((
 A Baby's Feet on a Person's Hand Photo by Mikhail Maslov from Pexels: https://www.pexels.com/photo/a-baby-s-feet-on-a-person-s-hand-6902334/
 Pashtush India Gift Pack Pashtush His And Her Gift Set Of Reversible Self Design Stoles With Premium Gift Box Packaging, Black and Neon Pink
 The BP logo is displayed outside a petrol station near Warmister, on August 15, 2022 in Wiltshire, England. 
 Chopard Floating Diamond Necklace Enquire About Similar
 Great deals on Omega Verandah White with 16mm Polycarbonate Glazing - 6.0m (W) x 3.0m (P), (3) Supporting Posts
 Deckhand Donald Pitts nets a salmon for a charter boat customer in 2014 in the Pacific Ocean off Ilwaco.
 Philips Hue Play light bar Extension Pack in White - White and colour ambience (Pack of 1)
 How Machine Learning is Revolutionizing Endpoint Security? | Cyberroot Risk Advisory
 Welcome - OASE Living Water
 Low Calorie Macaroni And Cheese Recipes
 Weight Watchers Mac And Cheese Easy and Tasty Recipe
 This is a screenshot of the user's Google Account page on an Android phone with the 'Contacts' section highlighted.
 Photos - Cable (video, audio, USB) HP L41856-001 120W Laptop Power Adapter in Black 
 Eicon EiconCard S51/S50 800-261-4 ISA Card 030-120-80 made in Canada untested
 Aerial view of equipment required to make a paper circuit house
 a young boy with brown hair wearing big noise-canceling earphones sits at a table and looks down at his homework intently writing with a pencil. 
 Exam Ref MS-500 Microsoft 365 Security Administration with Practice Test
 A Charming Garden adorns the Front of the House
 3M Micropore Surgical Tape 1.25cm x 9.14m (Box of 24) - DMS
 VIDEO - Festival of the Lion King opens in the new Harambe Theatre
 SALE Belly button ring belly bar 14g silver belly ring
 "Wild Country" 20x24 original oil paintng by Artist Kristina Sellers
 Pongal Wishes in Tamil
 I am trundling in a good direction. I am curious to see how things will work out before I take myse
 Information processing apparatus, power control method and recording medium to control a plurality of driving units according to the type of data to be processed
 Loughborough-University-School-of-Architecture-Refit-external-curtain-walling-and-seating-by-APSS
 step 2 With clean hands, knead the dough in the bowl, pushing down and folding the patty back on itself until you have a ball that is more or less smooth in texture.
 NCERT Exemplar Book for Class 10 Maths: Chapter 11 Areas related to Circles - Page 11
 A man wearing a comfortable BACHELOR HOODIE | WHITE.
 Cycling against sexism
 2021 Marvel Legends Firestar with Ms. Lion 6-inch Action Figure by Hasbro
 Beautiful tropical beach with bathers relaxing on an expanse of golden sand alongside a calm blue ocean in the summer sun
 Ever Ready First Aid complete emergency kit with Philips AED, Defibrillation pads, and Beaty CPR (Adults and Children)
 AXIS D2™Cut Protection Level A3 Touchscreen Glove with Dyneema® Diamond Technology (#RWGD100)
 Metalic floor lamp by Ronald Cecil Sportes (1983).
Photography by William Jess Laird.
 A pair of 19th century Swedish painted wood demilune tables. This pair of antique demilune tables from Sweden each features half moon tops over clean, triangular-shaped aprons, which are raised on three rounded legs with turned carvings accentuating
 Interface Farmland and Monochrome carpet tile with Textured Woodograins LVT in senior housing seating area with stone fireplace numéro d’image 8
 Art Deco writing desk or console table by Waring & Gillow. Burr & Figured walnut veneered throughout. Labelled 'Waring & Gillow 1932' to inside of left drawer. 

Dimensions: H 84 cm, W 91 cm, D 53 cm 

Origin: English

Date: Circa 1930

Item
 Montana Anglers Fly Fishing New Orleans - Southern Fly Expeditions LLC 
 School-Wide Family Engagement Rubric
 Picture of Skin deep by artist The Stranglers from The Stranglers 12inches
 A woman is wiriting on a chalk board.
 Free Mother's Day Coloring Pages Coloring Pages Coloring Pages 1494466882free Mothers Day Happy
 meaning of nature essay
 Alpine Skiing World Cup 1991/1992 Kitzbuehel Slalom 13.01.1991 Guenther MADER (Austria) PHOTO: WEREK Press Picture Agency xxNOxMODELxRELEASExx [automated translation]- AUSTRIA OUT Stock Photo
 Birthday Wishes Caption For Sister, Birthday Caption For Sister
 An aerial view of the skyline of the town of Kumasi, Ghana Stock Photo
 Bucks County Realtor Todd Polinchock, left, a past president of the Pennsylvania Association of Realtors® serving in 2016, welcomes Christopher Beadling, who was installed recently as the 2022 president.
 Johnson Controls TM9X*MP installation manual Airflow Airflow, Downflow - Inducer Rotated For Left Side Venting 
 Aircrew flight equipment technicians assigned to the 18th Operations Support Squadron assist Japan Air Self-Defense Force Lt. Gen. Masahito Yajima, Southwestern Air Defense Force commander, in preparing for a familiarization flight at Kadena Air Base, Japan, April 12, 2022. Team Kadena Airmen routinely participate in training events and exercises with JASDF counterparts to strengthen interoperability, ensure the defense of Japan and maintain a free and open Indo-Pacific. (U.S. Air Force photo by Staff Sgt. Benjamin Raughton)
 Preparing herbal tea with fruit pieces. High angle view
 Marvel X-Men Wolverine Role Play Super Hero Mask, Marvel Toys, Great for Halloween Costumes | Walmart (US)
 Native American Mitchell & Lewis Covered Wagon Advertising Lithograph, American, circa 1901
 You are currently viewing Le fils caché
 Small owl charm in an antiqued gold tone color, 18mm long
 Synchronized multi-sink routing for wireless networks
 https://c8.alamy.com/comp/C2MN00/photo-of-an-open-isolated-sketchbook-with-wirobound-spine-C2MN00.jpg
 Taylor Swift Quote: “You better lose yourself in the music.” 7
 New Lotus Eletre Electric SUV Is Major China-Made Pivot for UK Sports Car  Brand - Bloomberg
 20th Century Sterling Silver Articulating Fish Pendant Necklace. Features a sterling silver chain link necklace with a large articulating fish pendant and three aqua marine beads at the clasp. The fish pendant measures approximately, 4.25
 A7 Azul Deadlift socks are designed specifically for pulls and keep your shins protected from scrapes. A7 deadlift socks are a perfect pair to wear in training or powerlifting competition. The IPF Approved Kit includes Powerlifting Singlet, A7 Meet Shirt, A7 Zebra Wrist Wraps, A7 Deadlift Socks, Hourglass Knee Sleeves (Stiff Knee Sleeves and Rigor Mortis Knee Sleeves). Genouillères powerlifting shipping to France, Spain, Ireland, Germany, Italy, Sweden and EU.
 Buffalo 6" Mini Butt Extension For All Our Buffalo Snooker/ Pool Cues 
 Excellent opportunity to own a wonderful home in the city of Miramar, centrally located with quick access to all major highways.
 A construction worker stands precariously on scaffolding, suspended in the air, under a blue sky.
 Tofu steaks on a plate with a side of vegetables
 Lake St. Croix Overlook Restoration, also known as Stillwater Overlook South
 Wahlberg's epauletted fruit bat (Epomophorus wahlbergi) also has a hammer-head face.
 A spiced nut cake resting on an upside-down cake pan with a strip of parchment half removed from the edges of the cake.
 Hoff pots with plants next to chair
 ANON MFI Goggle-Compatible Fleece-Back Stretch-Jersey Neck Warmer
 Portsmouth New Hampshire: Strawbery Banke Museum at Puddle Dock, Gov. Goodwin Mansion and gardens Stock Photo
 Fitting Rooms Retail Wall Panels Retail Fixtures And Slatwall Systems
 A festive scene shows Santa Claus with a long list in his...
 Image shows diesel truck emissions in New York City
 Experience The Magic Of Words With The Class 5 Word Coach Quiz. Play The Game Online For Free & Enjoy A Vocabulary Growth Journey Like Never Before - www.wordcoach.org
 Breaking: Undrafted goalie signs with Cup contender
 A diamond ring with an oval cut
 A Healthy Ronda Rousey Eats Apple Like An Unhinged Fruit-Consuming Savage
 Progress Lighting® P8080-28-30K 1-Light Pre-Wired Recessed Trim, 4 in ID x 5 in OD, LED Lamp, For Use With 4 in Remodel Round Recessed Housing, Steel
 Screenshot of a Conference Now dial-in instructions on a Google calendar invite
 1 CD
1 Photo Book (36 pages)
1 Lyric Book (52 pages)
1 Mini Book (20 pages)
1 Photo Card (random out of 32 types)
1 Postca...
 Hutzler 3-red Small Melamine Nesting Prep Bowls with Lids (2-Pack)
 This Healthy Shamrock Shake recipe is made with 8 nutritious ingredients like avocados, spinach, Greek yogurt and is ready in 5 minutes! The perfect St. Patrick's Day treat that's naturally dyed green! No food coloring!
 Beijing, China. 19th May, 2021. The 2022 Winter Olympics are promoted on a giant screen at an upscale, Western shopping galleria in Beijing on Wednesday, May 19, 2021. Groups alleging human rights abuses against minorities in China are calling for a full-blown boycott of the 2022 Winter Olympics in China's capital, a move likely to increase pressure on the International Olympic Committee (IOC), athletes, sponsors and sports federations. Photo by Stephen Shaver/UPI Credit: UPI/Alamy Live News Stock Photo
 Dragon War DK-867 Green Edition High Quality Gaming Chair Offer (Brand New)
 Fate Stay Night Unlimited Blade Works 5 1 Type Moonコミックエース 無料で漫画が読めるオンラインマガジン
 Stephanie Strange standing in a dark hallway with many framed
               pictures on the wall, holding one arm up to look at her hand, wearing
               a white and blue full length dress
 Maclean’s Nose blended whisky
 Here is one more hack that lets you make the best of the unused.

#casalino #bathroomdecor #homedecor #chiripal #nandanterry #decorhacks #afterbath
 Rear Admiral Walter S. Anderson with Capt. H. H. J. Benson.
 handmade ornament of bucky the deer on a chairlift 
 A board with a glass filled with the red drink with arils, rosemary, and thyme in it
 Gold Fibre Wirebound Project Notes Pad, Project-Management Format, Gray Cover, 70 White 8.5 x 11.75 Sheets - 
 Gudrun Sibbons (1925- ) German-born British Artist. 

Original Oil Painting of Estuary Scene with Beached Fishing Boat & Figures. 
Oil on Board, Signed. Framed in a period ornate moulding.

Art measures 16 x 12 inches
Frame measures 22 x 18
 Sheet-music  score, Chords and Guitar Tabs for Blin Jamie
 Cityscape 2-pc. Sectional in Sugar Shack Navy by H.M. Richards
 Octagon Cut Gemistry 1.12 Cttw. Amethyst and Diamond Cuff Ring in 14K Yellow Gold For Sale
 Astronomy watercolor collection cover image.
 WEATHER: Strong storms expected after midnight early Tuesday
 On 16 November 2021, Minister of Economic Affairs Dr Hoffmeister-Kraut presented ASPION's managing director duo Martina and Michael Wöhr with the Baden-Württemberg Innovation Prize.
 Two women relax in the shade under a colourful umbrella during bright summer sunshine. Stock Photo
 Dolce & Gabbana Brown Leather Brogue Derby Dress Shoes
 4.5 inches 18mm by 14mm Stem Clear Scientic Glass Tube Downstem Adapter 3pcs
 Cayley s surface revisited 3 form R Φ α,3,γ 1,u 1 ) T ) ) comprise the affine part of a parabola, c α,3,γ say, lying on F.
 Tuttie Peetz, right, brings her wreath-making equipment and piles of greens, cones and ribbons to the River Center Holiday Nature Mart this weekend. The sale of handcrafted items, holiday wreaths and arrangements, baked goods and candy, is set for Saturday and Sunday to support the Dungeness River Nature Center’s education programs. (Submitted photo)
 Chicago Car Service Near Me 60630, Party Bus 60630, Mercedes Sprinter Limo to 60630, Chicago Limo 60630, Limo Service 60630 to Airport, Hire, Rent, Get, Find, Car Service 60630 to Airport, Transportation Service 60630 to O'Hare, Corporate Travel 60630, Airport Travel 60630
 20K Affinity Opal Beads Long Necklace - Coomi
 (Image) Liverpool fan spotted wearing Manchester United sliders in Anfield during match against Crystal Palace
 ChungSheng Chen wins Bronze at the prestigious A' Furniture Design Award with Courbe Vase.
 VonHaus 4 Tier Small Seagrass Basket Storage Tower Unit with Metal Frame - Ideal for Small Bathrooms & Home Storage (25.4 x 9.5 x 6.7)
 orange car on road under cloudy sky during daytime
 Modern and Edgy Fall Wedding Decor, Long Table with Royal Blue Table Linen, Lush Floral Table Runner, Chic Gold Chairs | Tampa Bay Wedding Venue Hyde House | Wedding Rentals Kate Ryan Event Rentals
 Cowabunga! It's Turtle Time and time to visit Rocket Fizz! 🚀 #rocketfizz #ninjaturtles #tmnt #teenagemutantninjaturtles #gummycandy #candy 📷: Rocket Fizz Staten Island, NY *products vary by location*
))
ABOUT THIS EXERCISE: The required output is the stretch of entries above from the line containing "Lake St. Croix" through the line containing "A spiced nut", reproduced exactly.

ANSWER FOR THE TASK:
 Lake St. Croix Overlook Restoration, also known as Stillwater Overlook South
 Wahlberg's epauletted fruit bat (Epomophorus wahlbergi) also has a hammer-head face.
 A spiced nut cake resting on an upside-down cake pan with a strip of parchment half removed from the edges of the cake.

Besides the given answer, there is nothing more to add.